A recap of product usage and the value metrics hyper-personalized to the user will definitely show the value than tell. Earn customer loyalty, boost product usage, and mobilize them to the next stage.

Stack Moxie runs their Weekly Metrics campaigns to do exactly this and their customers are loving it!

LinkedIn post

Retention: Customers at this stage are sticky users already. Show them the benefits of your paid and advanced features. Automate triggered campaigns based on product activity and simplify upgrading to a paid account.

Smartsheet is a great example of this. Their email reminds users of the free trial expiry and lists the steps to upgrade.

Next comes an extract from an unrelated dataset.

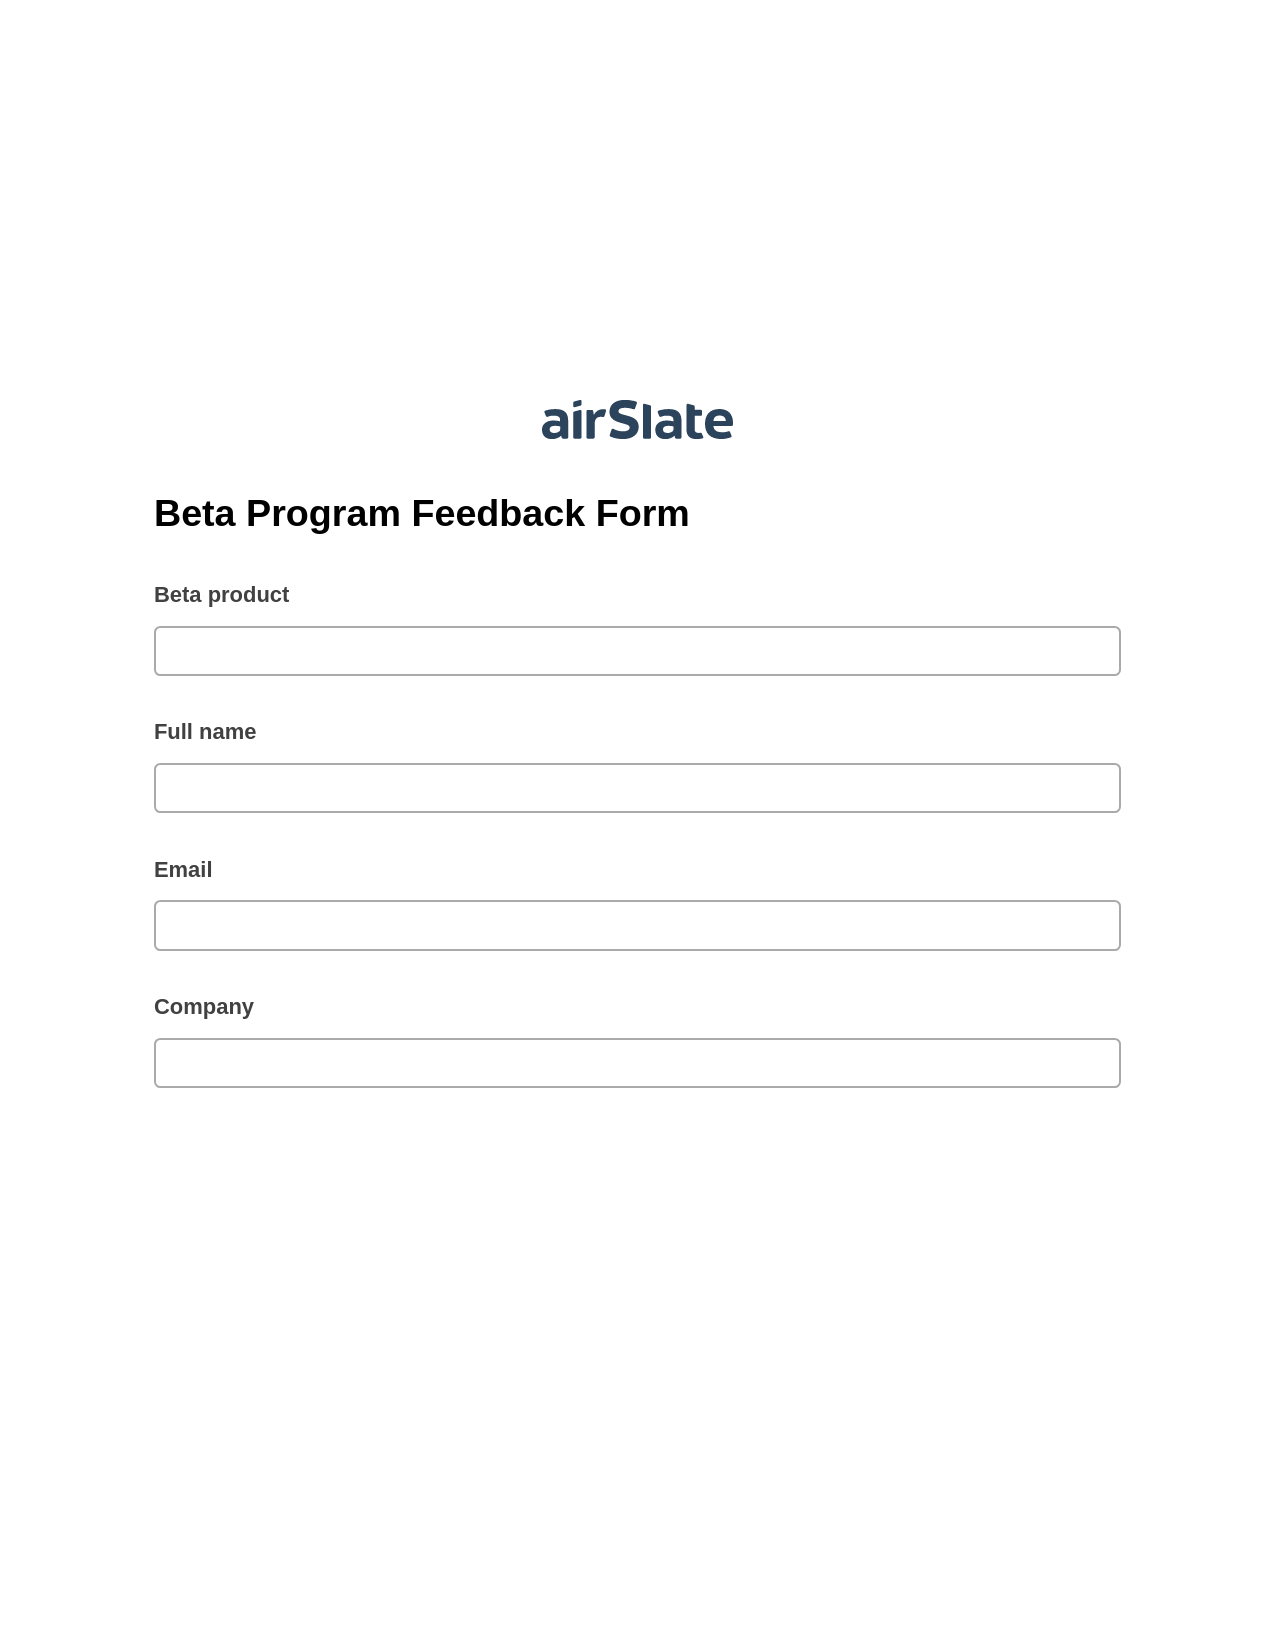 Multirole Beta Program Feedback Form Pre-fill from MySQL Bot, Open as Role Bot, Export to Excel 365 Bot
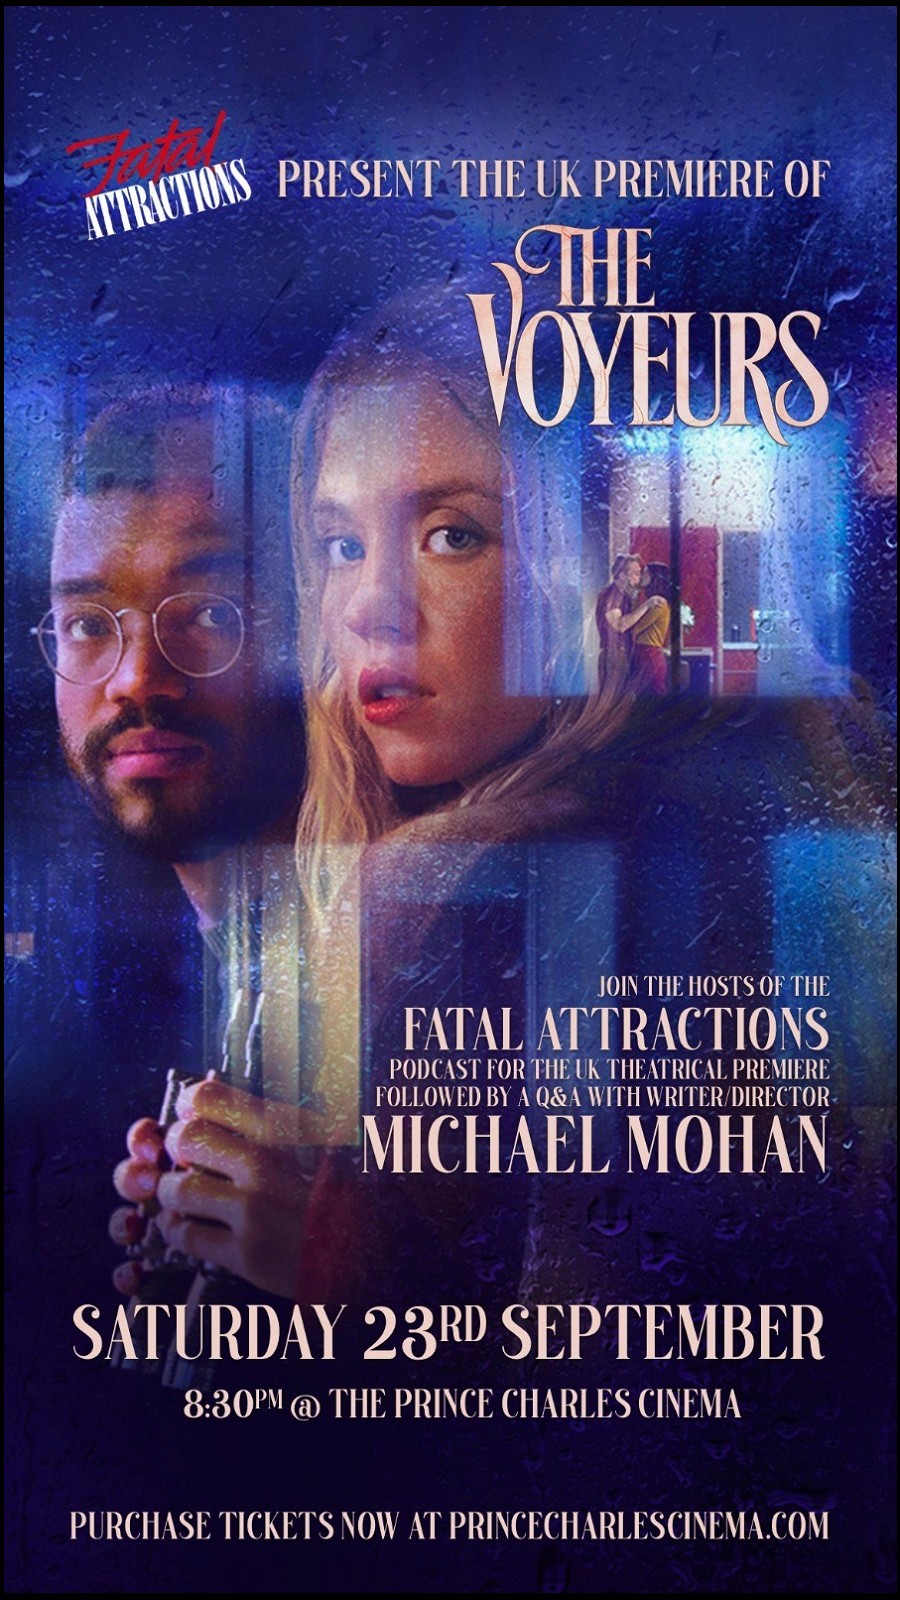 THE VOYERS presented by the FATAL ATTRACTIONS PODCAST

Set up internal alerts for product-qualified leads (PQLs) and product-qualified accounts (PQAs) to notify Sales of attempts to cross a usage/seat threshold or to access a feature behind the paywall. The sales team can reach out to high-value accounts armed with intelligence on their product usage.

Expansion: Recognize your power users a.k.a your best product advocates. Include them in your product roadmap and in creating more helpful content. They are your success story for the next beginner user.

Expand your revenue and users from existing accounts. Automate your campaigns with direct links to upgrade or rope in your Success team for cross-selling and upselling opportunities. Use the internal alerts to notify the Success team of PQLs and PQAs to reach out to, armed with the users’ product activity summary.

Dropbox nudges their users to experience the benefits of a team account and sweetens the pot with a free trial.

At each stage, take measures that aid conversion and the user’s progress to the next stage. And, the product-led growth loop goes on to pick up momentum.

In summary

Growth loops are ideal frameworks to grow fast and exponentially. PLG companies leverage the product as their primary channel to accelerate growth at each stage of their customer lifecycle.

Building high-performing product-led growth loops require cross-functional collaboration unlike the siloed stages of a funnel approach. And, optimizing it to achieve self-sustainable momentum accelerates product engagement and compounds growth.

Anybody who is a fan of growth at scale at a faster pace needs to employ a growth loop strategy.